According to Ian Gorton in Four Principles of Engineering Scalable, Big Data Software Systems “The more complex a solution, the less likely it will scale”. Know your priorities, think of the business problems that you want to solve and start from there. In scaling a data system, we need to focus on six key areas;
- Data infrastructure
- Data integrity
- Data access
- Data visualization
- Infrastructure change process
- Data utilization process
Data Infrastructure. This is the structural and physical requirement that you need so your data can be produced. Do not attempt to neither create different views and different metrics nor create a crossover joint because that will take time to run queries. Simplify. Save time in querying by creating a replication onto one reporting server. Once you are done with the infrastructure, you can join the data produced with web analytics tool for a more comprehensive data presentation.

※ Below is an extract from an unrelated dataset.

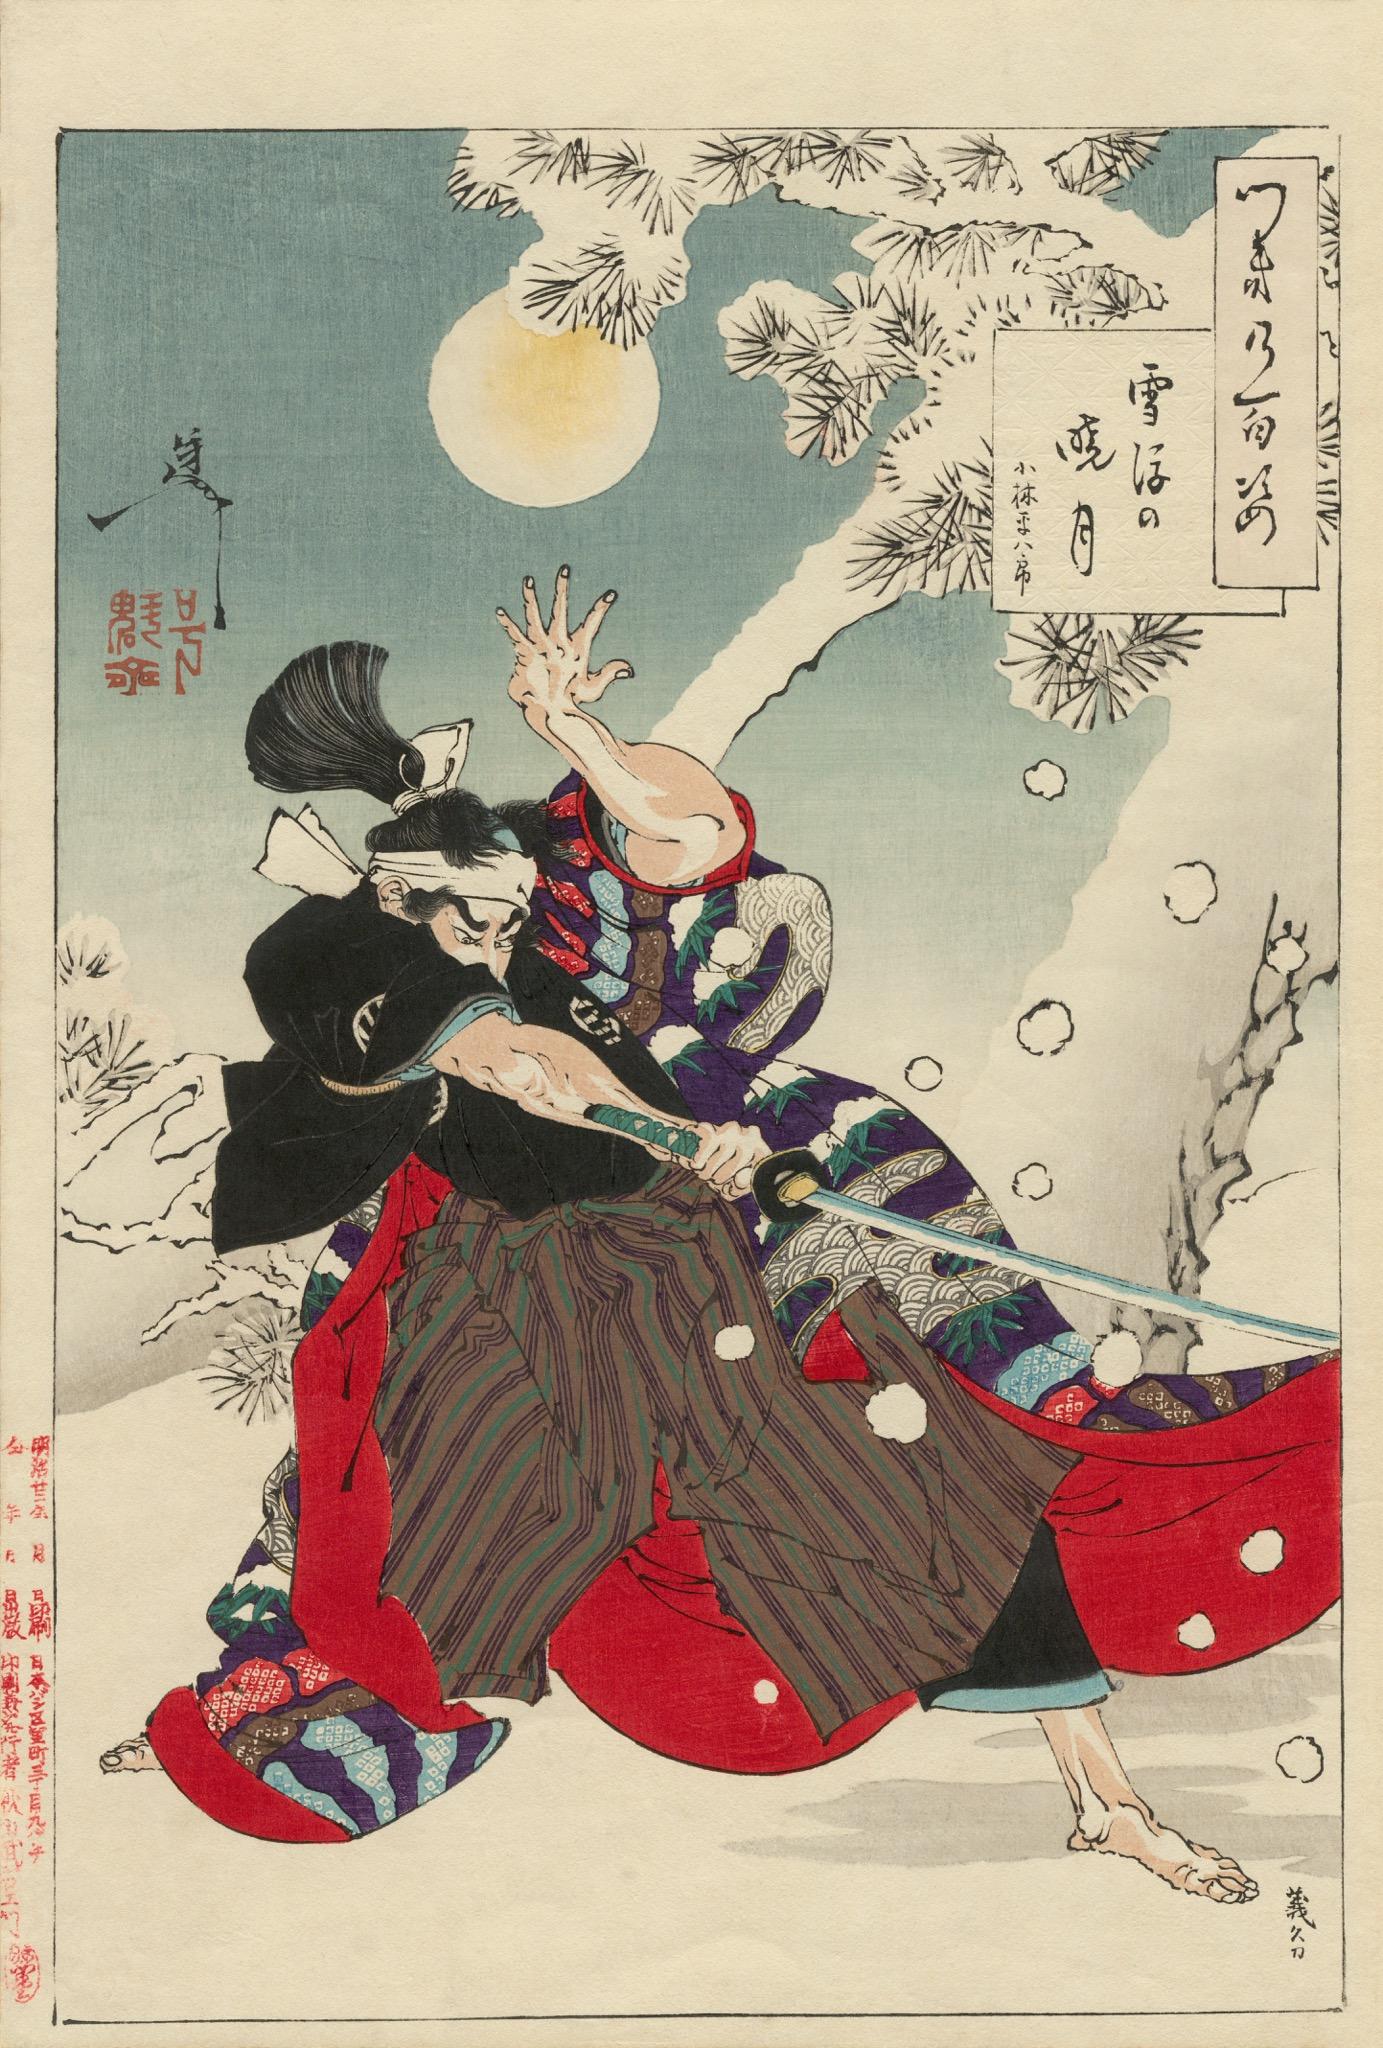 Dies ist ein Original-Holzschnitt von Yoshitoshi aus dem Jahr 1886.

Dies ist ein japanisches Ukiyo-e (Holzschnitt) aus der Meiji-Ära. Es stammt aus der Serie

Data Integrity. Now that you have a way to present your data, your next assignment is to ensure that you are presenting accurate and valid information. How confident are you that your data is error-free? Have an audit system. You have the option to do this manually by doing spot check or you can automate the process by transitioning into a more efficient data audit system.
[Tweet “Building a minimum viable data system should be the #1 goal in scaling your analytics”]
Data Access and Visualization. This is the part where you need to ensure that the data are easily accessible and are presented in a manner that everyone in the organization could understand. The data must speak the organization’s common language.
Infrastructure change process. Changing your data infrastructure changes things in the back end. Due to modifications, the start-up engineers may not realize that you have build a report on some of the data and when they make changes it could break your reporting or tell that it’s not true anymore. To prevent this, you need to appoint a person – somebody from your analytics team, who has knowledge on the reporting – to keep watch over the changes being made. This allows you to adapt easily on the changes.
Work not from an engineer’s perspective but from a data analyst’s perspective.
Data utilization process. People like to reselect different analysis because they like to be quick and use the data that was already in existence as opposed to trying to create a new analysis. However, as your organization starts to mature you may want to have some sort of quality assurance and get the right conclusion drawn from your data.
The data is created for production purposes – it was built to function on the system and not for easy data analysis. Remove the engineering side – how the data is transported from one source to the next, how the data is produced, how can it be extracted and how is the script written are the questions that you no longer need to care so much about. Work not from an engineer’s perspective but from a data analyst’s perspective.